Data extracts:
++++++++++++++++++++

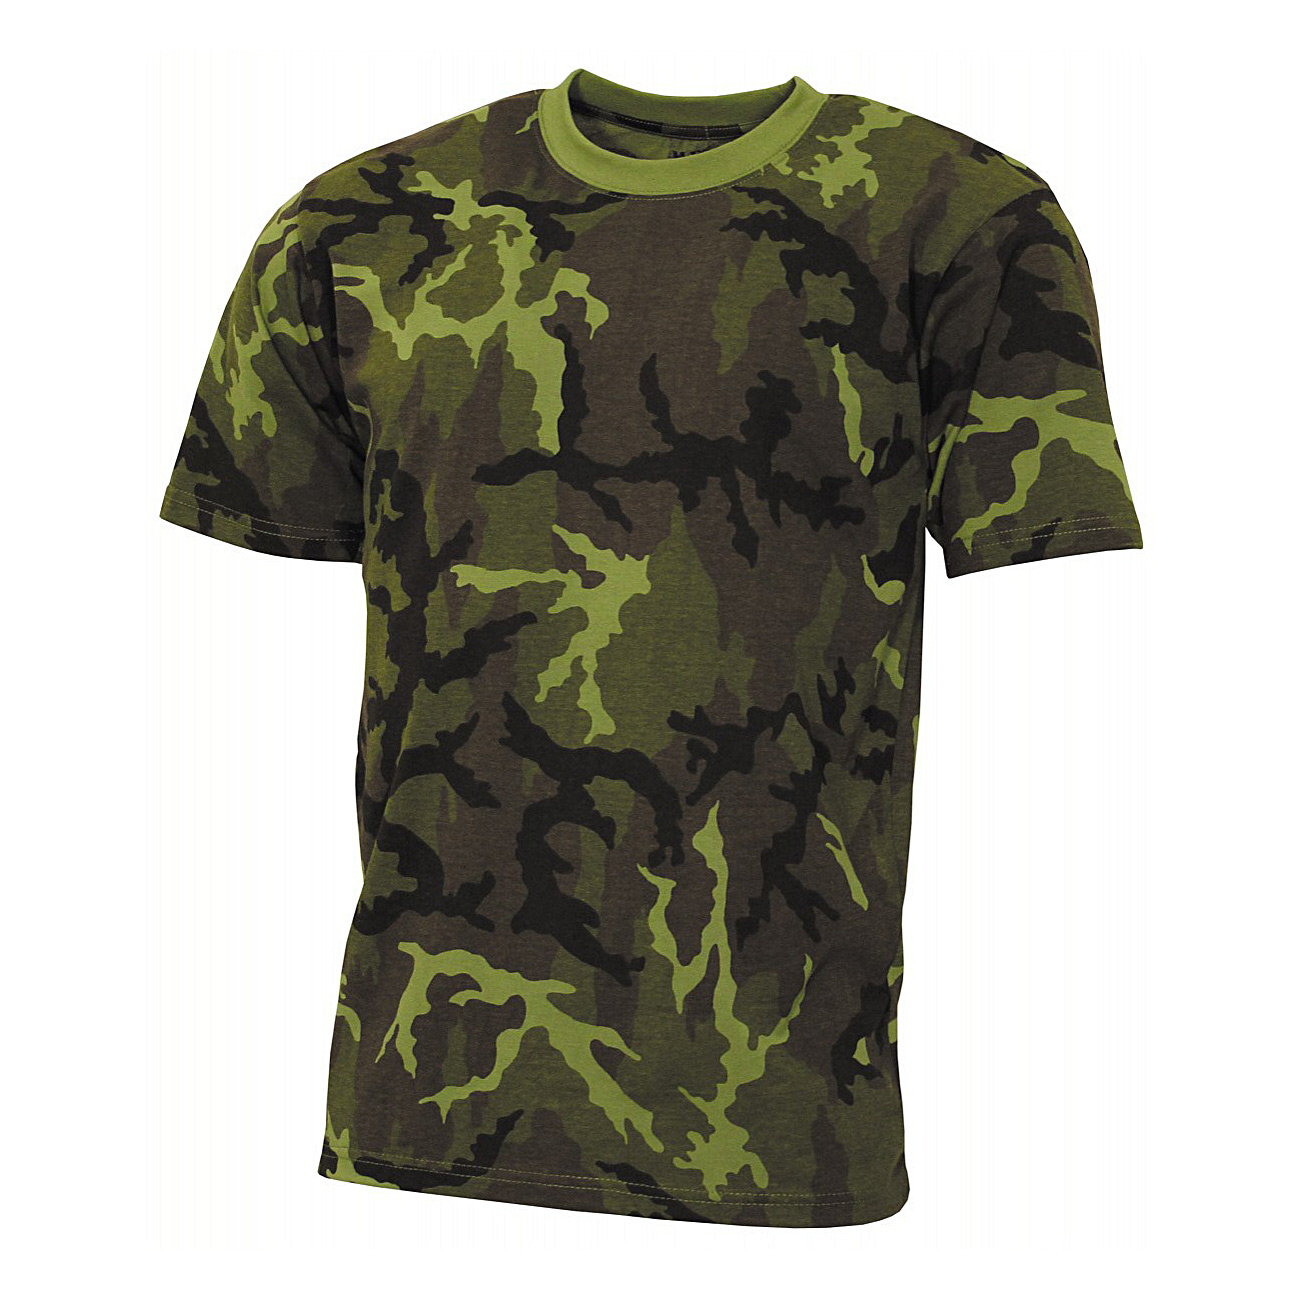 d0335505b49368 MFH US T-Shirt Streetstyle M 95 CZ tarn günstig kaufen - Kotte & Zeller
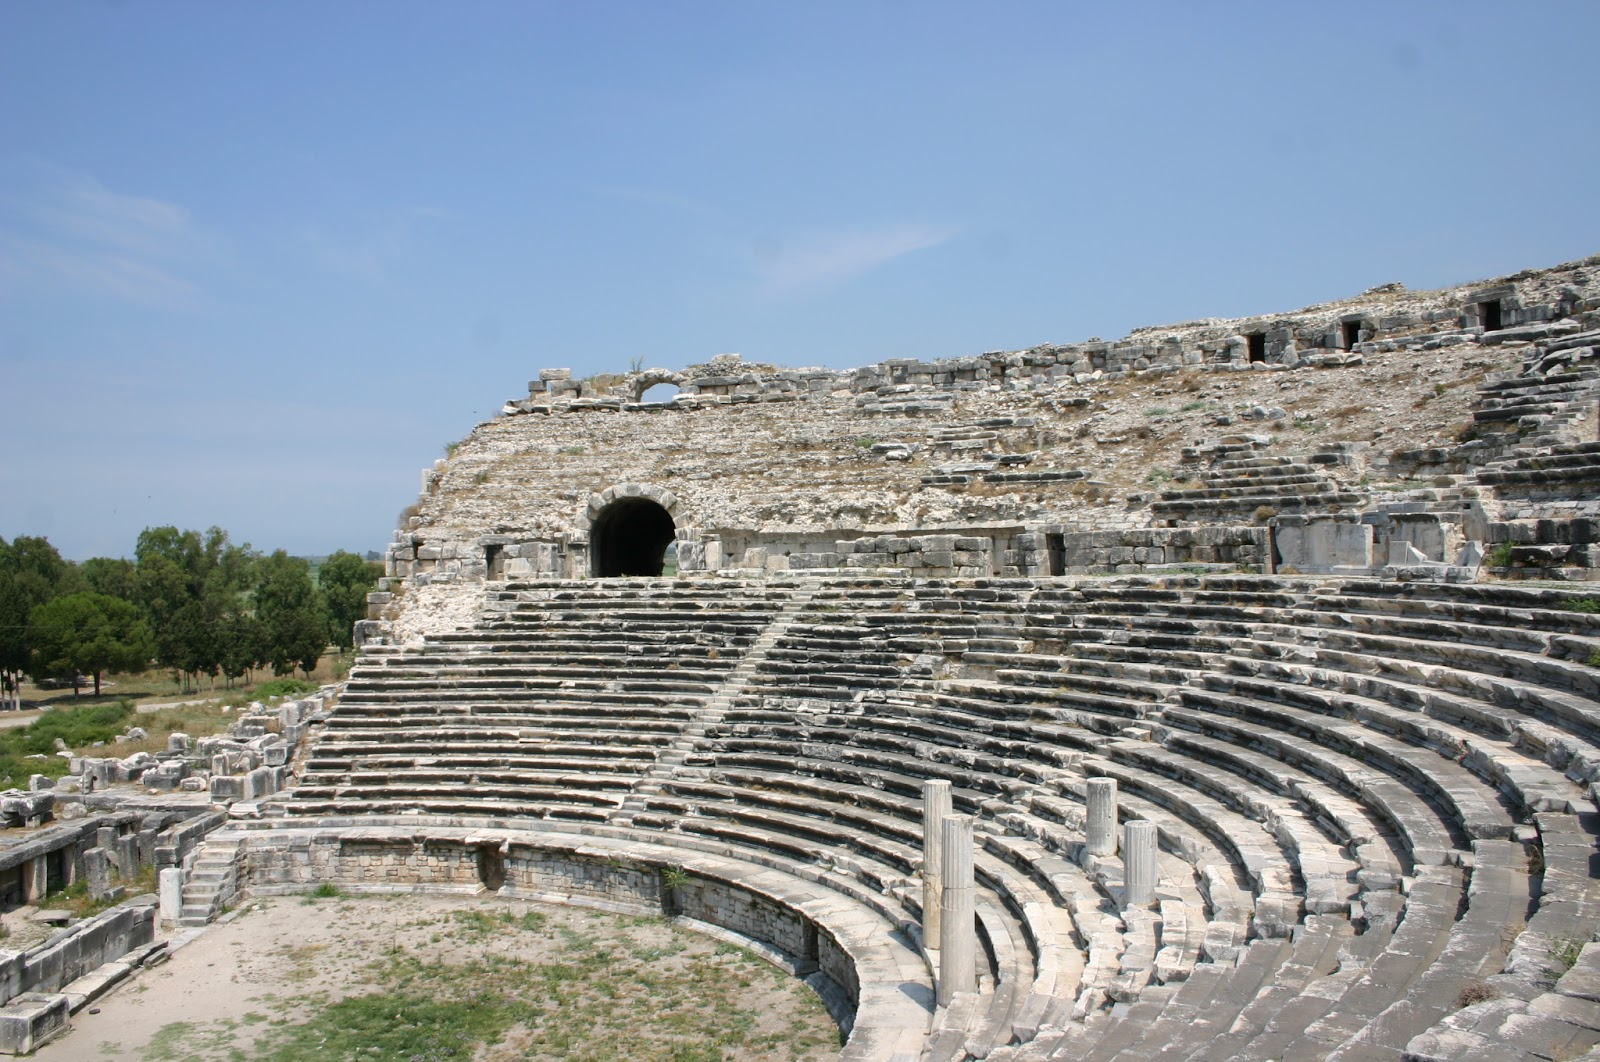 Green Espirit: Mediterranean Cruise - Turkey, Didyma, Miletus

++++++++++++++++++++

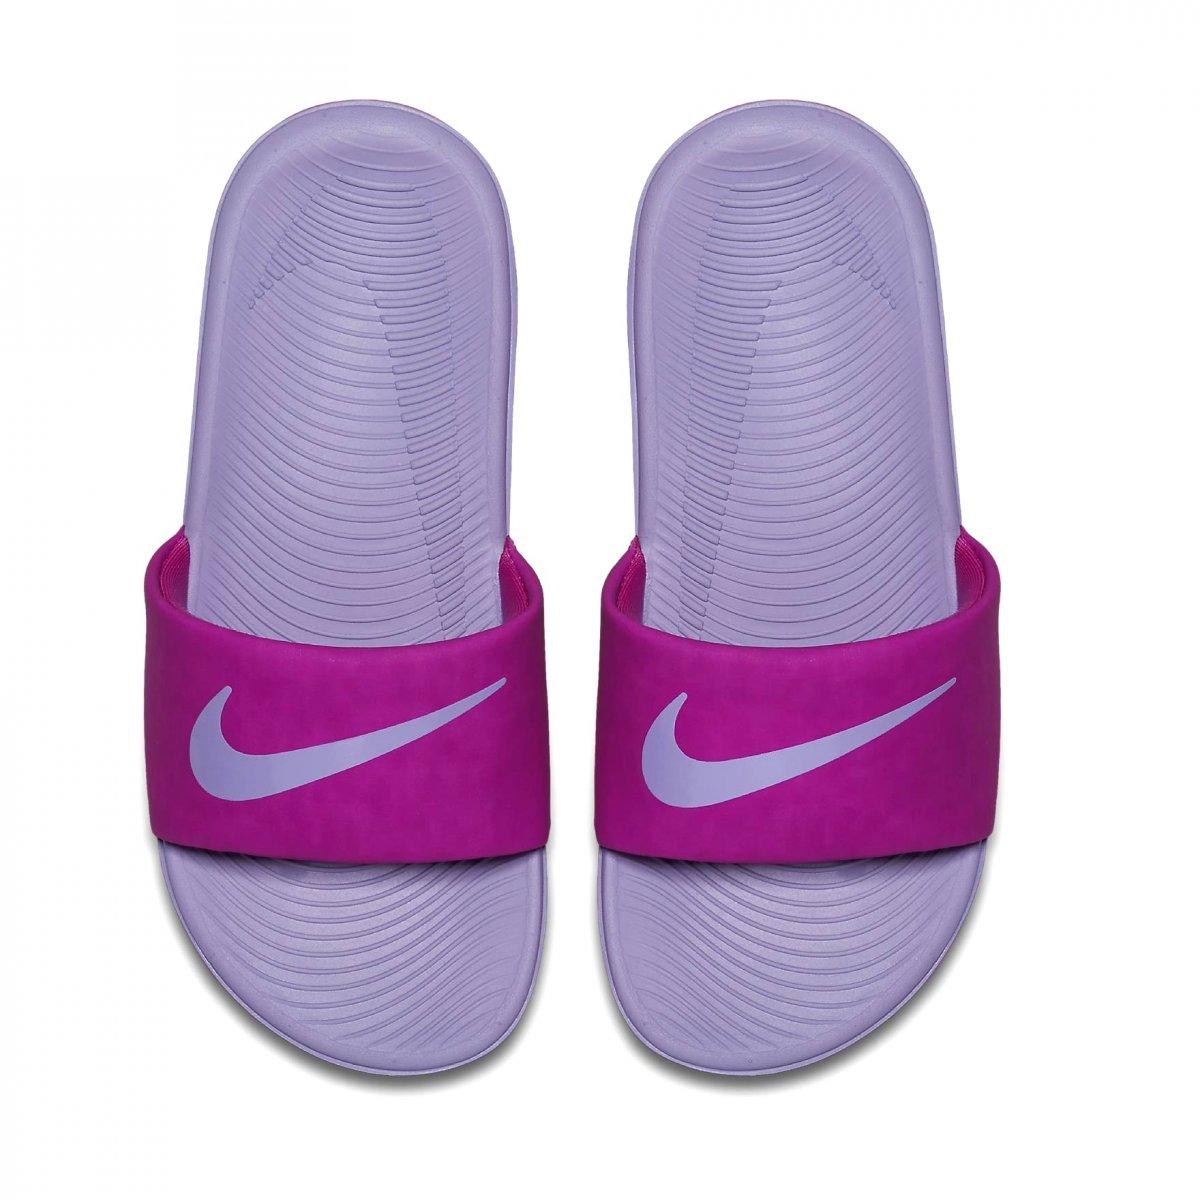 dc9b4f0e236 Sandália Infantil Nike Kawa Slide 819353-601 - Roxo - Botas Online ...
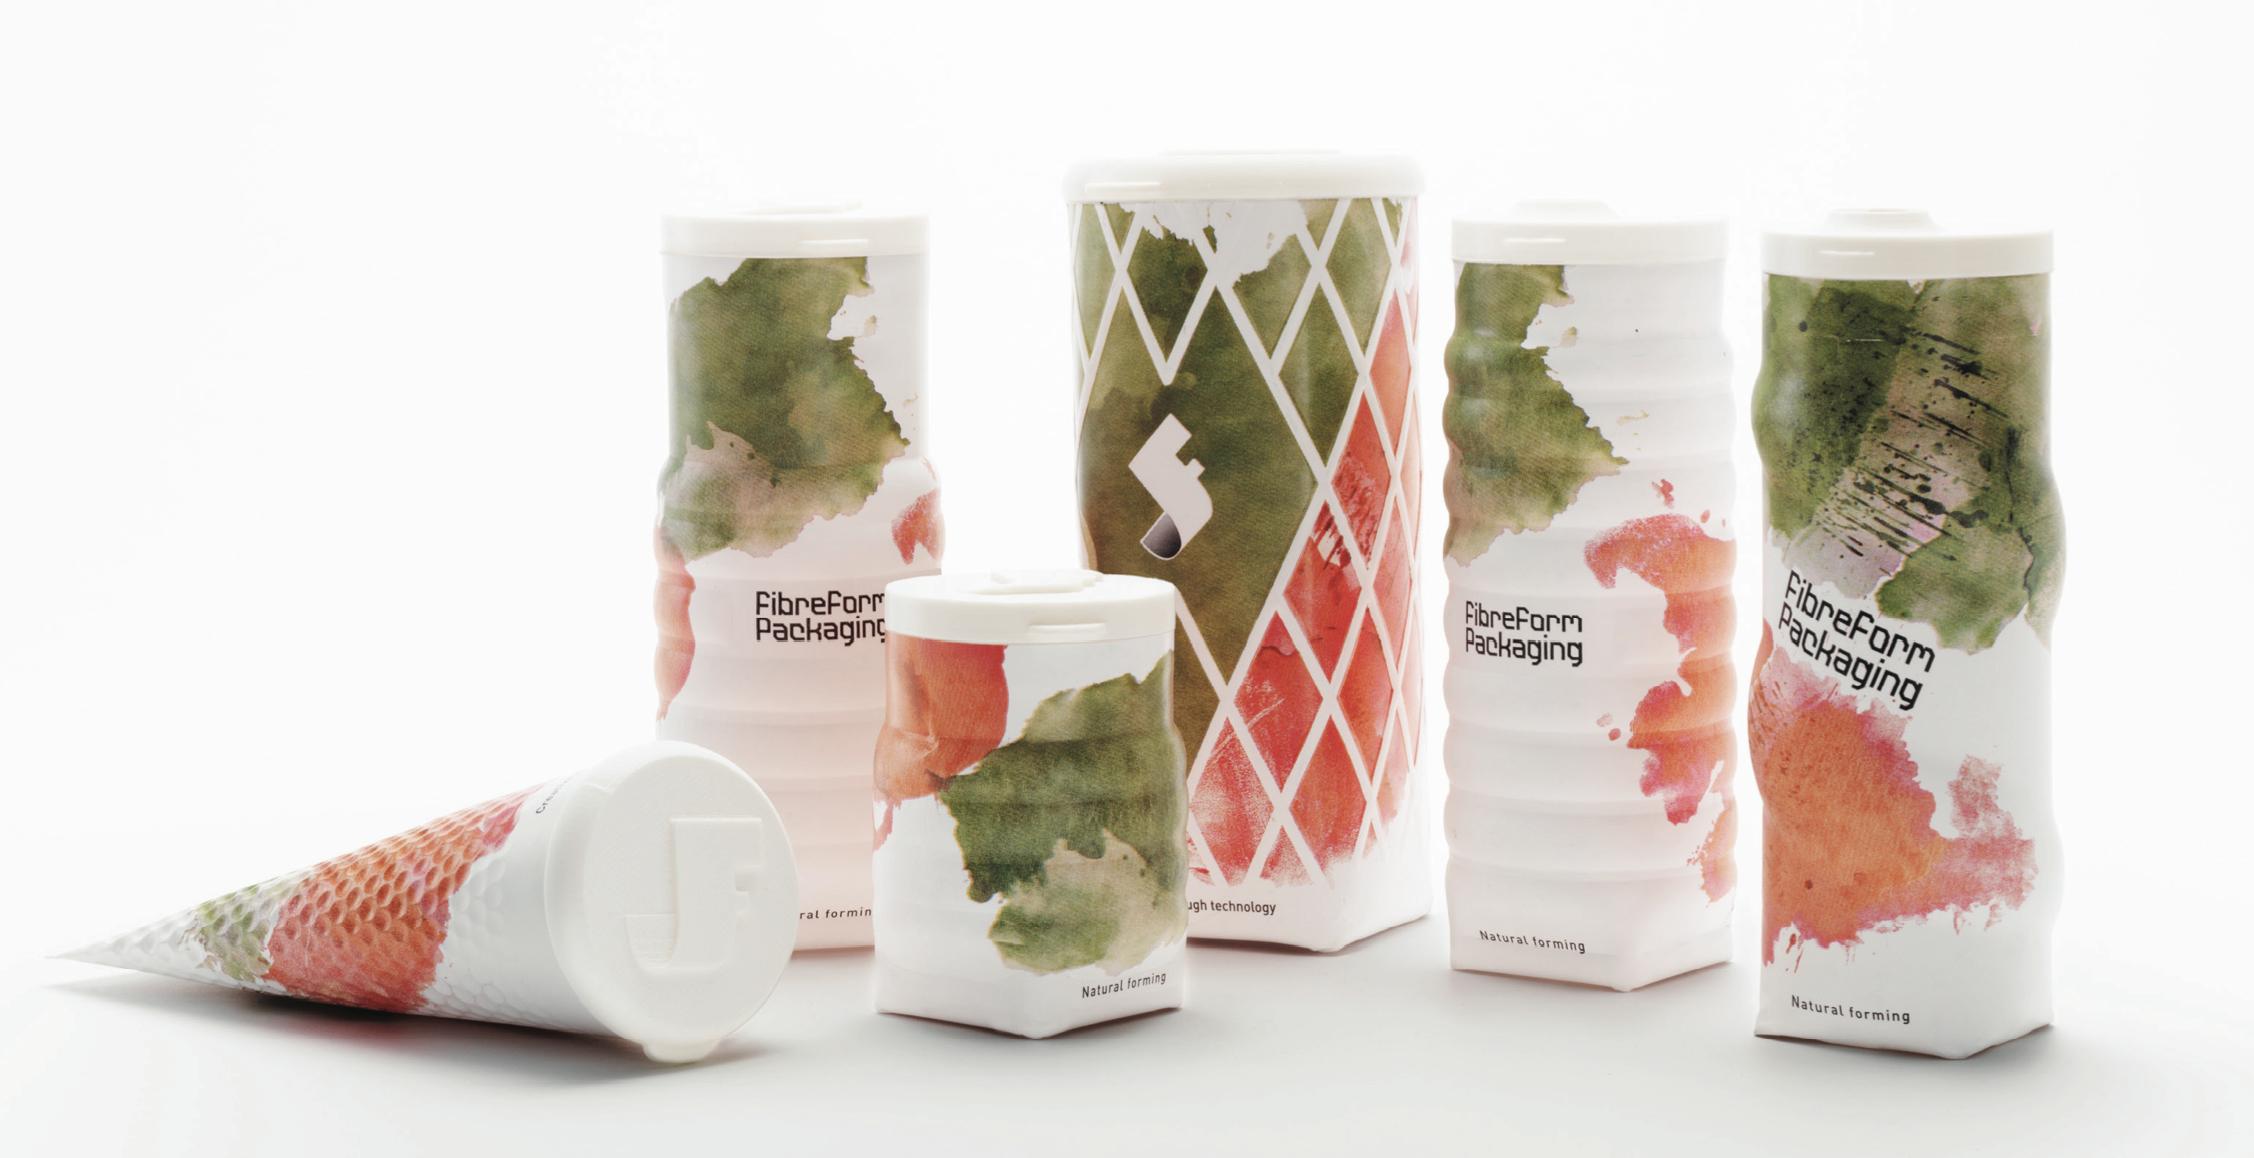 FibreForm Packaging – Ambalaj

++++++++++++++++++++

Exercise description:
In the data above, the stretch from the line with "d0335505b49368 MFH US" through the line with "Green Espirit: Mediterranean" is to be returned exactly, minus any pictures.

Task output:
 d0335505b49368 MFH US T-Shirt Streetstyle M 95 CZ tarn günstig kaufen - Kotte & Zeller
 Green Espirit: Mediterranean Cruise - Turkey, Didyma, Miletus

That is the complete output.